Il giudice del Tribunale di Sorveglianza di Milano ha deciso di tornare sui suoi passi e revocare tutti i permessi premio accordati a Salvatore Parolisi in virtù della “buona condotta” tenuta nei 12 anni che ha trascorso in carcere. Sulla decisione sembrerebbero aver pesato le dichiarazioni rilasciate dall’uomo, condannato in via definitiva per l’omicidio della moglie, Melania Rea, a “Chi l’ha visto?”, nel corso della sua prima uscita dalla struttura di Bollate.
Revocati i permessi premio accordati a Salvatore Parolisi a causa della sua intervista a “Chi l’ha visto?”

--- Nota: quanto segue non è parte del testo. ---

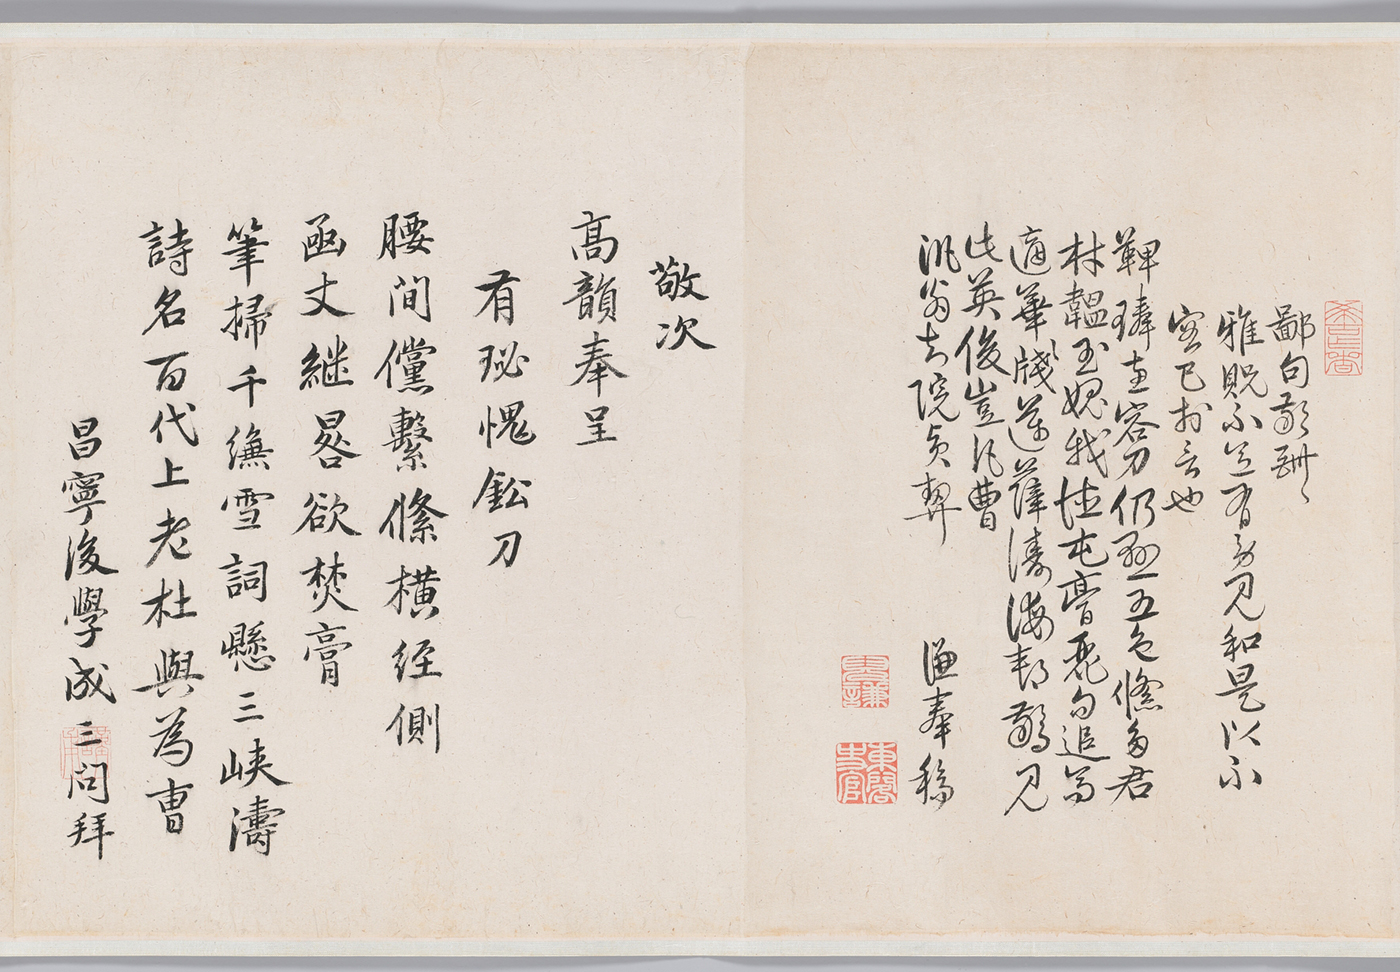 Poems by Ni Qian and Seong Sammun, Bongsa Joseon Changhwa Sigwon (Poetry Book Between Ming Envoys and Joseon Literati) (detail), 1450, Joseon Dynasty, Korea, ink on paper, 33 x 1600 cm (The National Museum of Korea, Treasure 1404)

Nell’intervista, andata in onda il 5 luglio scorso, Salvatore Parolisi aveva dichiarato di essere stato “ingiustamente condannato” a 20 anni per l’omicidio della moglie, consumatosi nell’aprile del 2011 a Teramo. Oltre a ribadire di non “averla uccisa”, come ha sempre sostenuto, aveva anche affermato di non aver preso l’ergastolo perché contro di lui, in sostanza, non c’erano prove.
L’ho sempre detto anche al giudice, da uomo, da militare e da padre: datemi l’ergastolo e buttate la chiave se sono stato io, se ho fatto una cosa del genere e me lo provate. Perché a me non l’hanno mai provato.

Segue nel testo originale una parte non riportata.